L’effet «Terroir» des barriques et le champagne Giraud

Au cœur de la forêt d’Argonne, forêt martyre de la Grande Guerre, Claude Giraud et l’ONF (le plus vieux corps d’état français) ont délimité trois zones de coupes pour des chênes indigènes. Le viticulteur s’est alors adressé à deux mérandiers, et à deux tonneliers, un local et un bourguignon. Tout cela afin de tester les bois locaux, de trouver leurs caractéristiques locales originelles et originales. Le résultat est tout simplement époustouflant. Il ne s’agit pas de nuances, mais carrément d’un impact incroyable.

Le test a porté sur un marc (soit 4000 kilos de raisins en Champagne). C’est tout simplement hallucinant, les vins sont pour certains sur la rondeur et le gras, pour d’autres sur la vivacité et la tension. Comme quoi, l’effet terroir du bois est indéniable, et même plus que cela, puisqu’il change profondément la nature du vin. Certes, tout le travail du vinificateur sera d’assembler les barriques pour, quelque part gommer les pics et les imperfections tout en restant fidèle au style de la maison, mais il y a de quoi se poser quelques questions.

Surtout pour les vignobles hors des régions de production des chênes, c’est-à-dire presque tous, lorsque l’on vient nous rabattre les oreilles à coup de « terroir ».

C’est que le raisin a des caractéristiques fondamentalement différentes d’un endroit à un autre, d’une méthode culturale à une autre, en fait d’un viticulteur à un autre ; c’est une évidence, mais l’effet lissant des barriques n’est-il pas une atteinte à ces caractéristiques lorsqu’il s’agit de barriques issues de chênes venant de lointains horizons ? C’est une question que l’on est en droit de se poser hein…

Allez, en attendant, dégustation des champagnes d’Henri Giraud et extase, parce qu’ici, le bois est local, donc on peut parler de terroir à son aise. Parfois, au détour d’une table, au coin d’un verre, même s’il est bien rond, les parfums, les arômes, les saveurs, la texture d’un vin peuvent provoquer une crise de plaisir aiguë. C’est le cas aujourd’hui, et qu’importe le prix, pourvu que l’on ait le bonheur, et un peu d’ivresse (sur Semois).

Plus d’infos au 0486 30 60 39, Mlle Atlas.

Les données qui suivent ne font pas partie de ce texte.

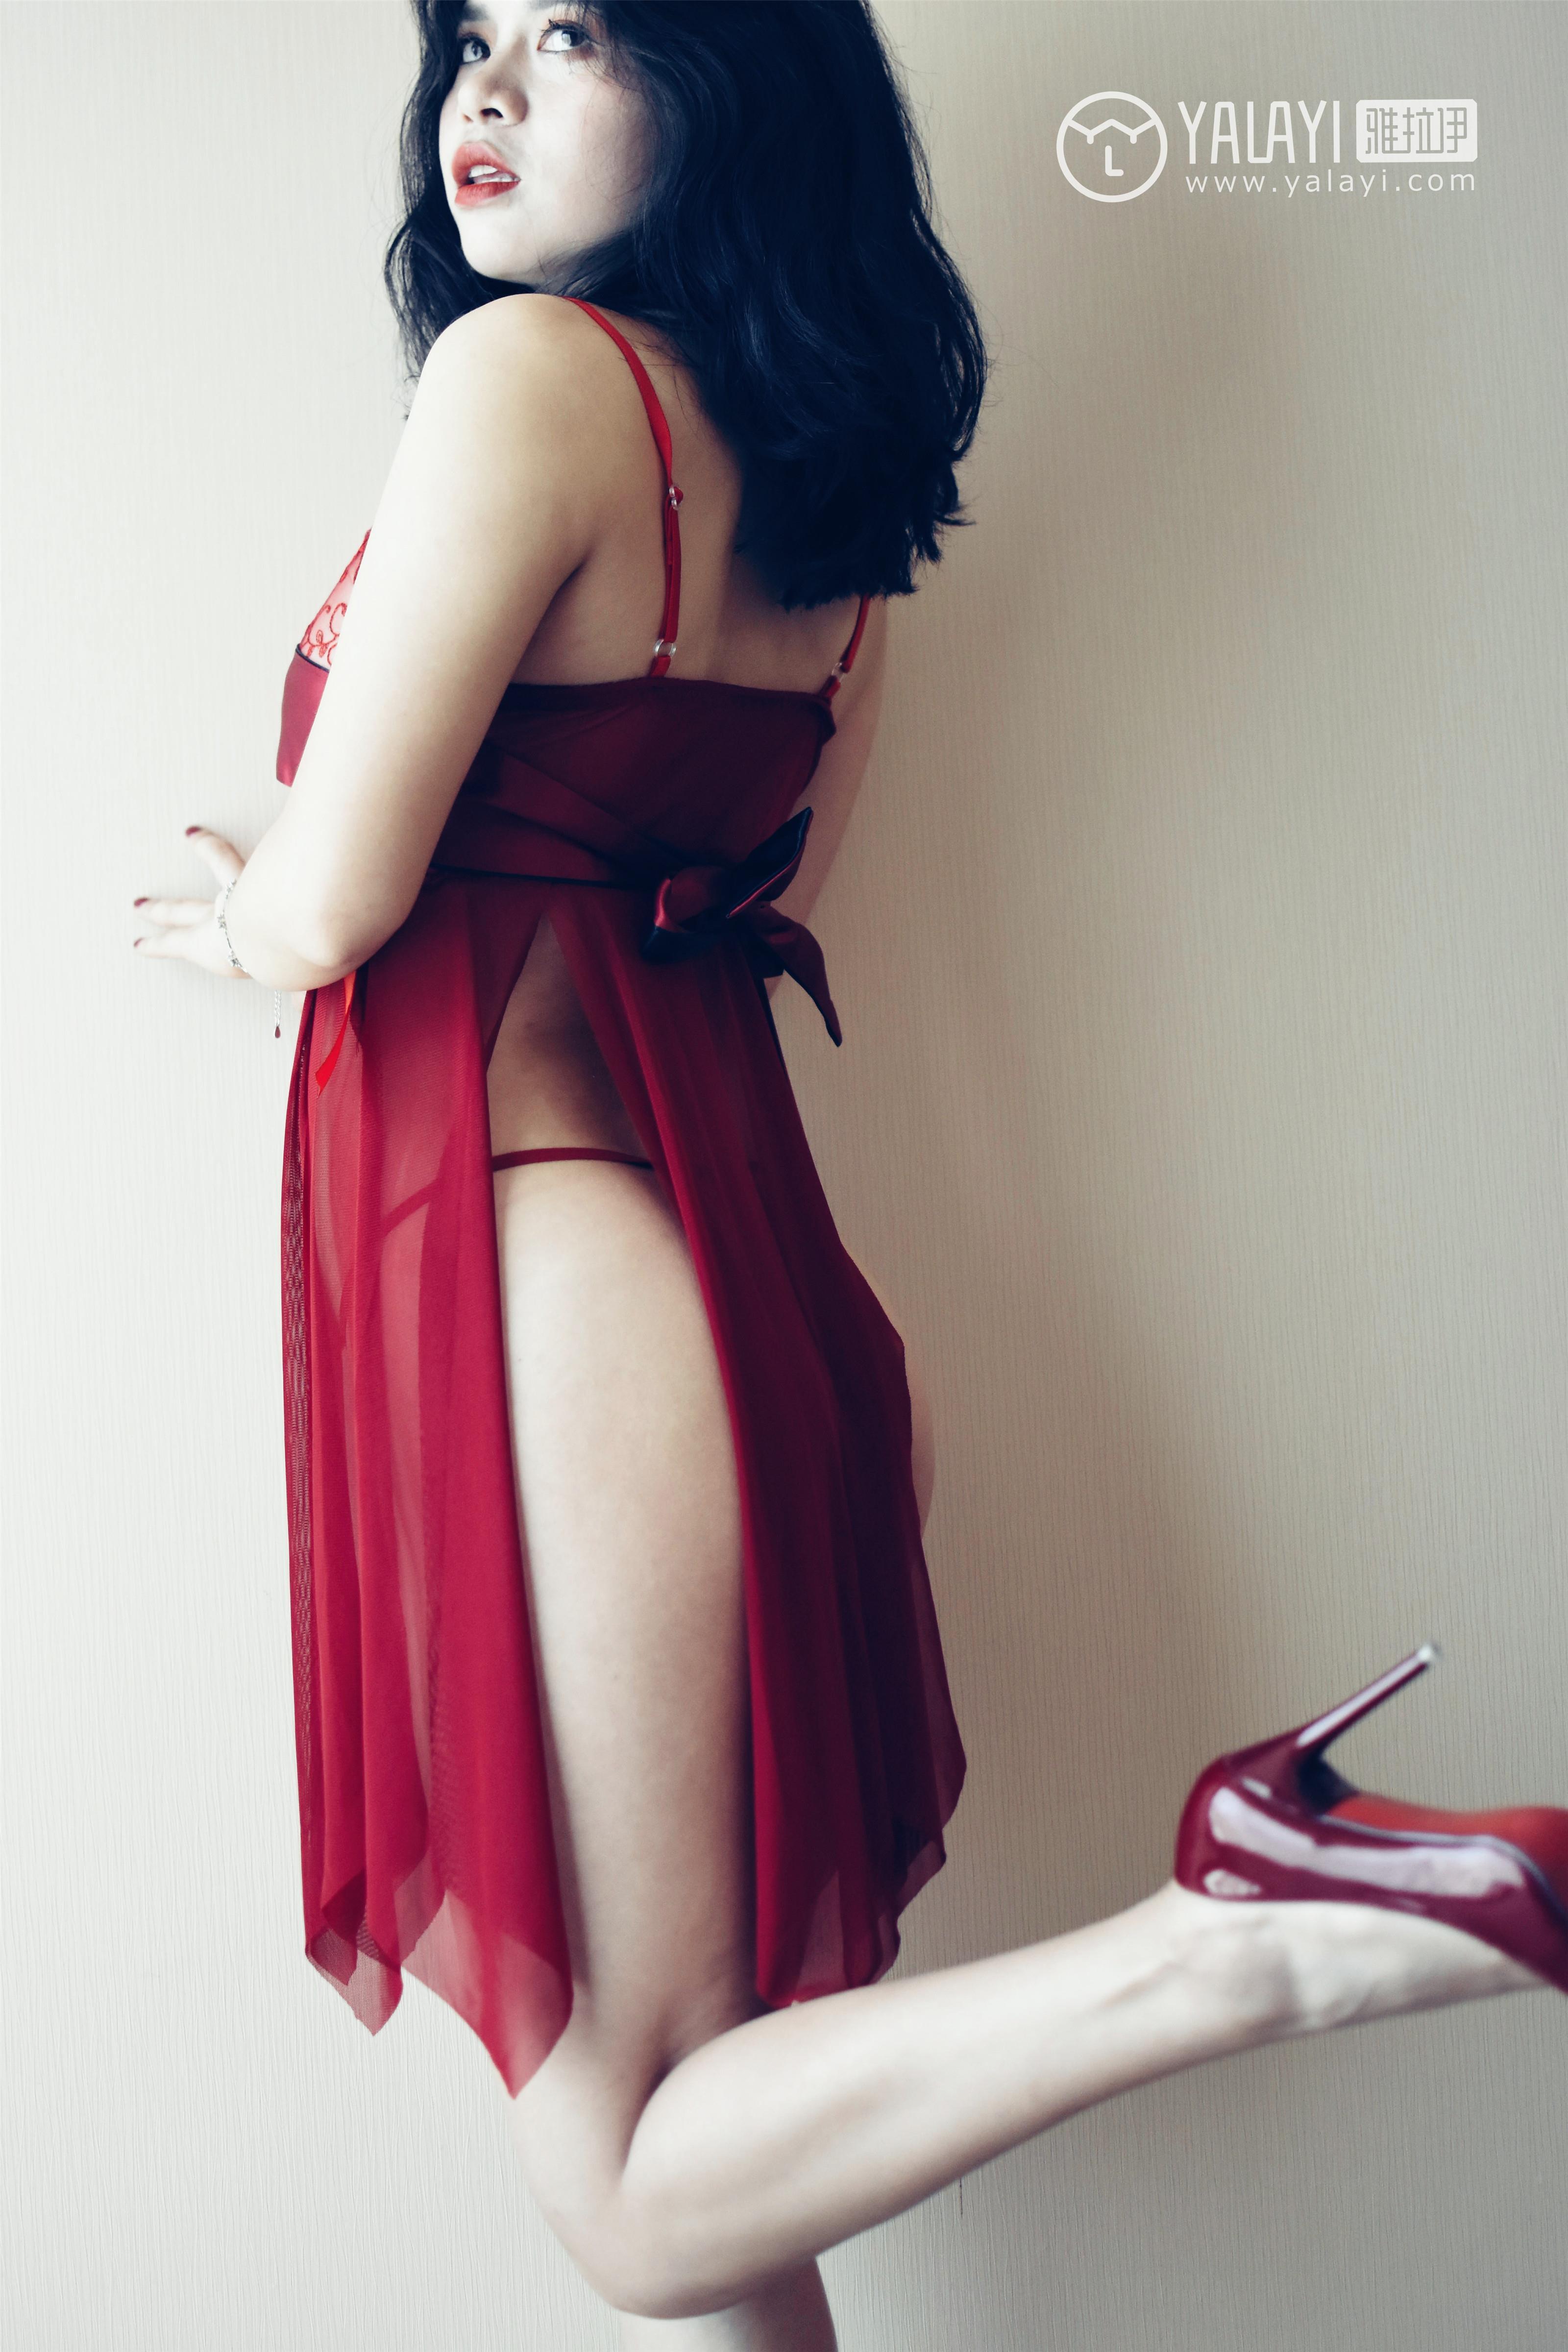 [YALAYI雅拉伊]NO.014 心蕊的红色睡袍 米心蕊 红色透视情趣睡衣性感私房写真集,

Henri Giraud « Hommage » Pinot Noir, Chardonnay, Aÿ Grand Cru, Champagne, 15/20

Pour une cuvée presque de base, c’est une belle cuvée. C’est tout en finesse, en délicatesse, la bulle est fine. Le pinot est rond, bien riche, il confère à la cuvée de la puissance et une belle structure. Le chardonnay apporte sa finesse, sa fraîcheur. C’est moyennement long, plutôt bien équilibré, avec une jolie fin de bouche bien construite sur l’acidité. A boire dans les deux ou trois ans pour bien commencer la journée.

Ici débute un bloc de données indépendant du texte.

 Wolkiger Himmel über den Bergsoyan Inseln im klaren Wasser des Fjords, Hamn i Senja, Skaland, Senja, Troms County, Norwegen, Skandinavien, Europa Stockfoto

Henri Giraud « Fût de Chêne » N.V. Pinot Noir, Chardonnay, Aÿ Grand Cru, Champagne, 17/20

L’assemblage de plusieurs millésimes autour du 2005 est une très belle bête. C’est racé, élégant, avec une finesse étonnante. On est dans le gras, dans le rond, mais avec une touche de clââââââsse en bouche qui est plutôt vraiment exceptionnelle. J’adore le nez beurré léger, avec son côté noisette, et surtout, surtout, que le bois ne soit pas marqué, ni dominant, il est juste là pour souligner les caractéristiques des cépages. A boire dans les trois à cinq ans pour accompagner un grand moment, ou, à défaut, un poulet de Bresse rôti.

Henri Giraud « Argonne 2002 » Pinot Noir, Chardonnay, Aÿ Grand Cru, Champagne, 19/20

Comment vous dire ? Juste de la bombe, même si en ces temps troublés, ce genre d’adjectif pourrait m’offrir des vacances longues sur la côte cubaine. Mais je maintiens, c’est énorme. La maison travaille des bois d’origines locales, des forêts de l’Argonne. Le bois est parfaitement intégré dans le vin, il souligne la fraîcheur du chardonnay et le gras du pinot noir. C’est profond, étonnant de densité, avec des arômes de pain grillé, de biscuit, qui pourraient faire penser à des vins évolués, mais en bouche c’est d’une jeunesse étonnante. Un vrai vin de garde à ne pas mettre dans toutes les mains. A boire dans les cinq ans au minimum pour accompagner une belle côte de veau rôtie en cocotte.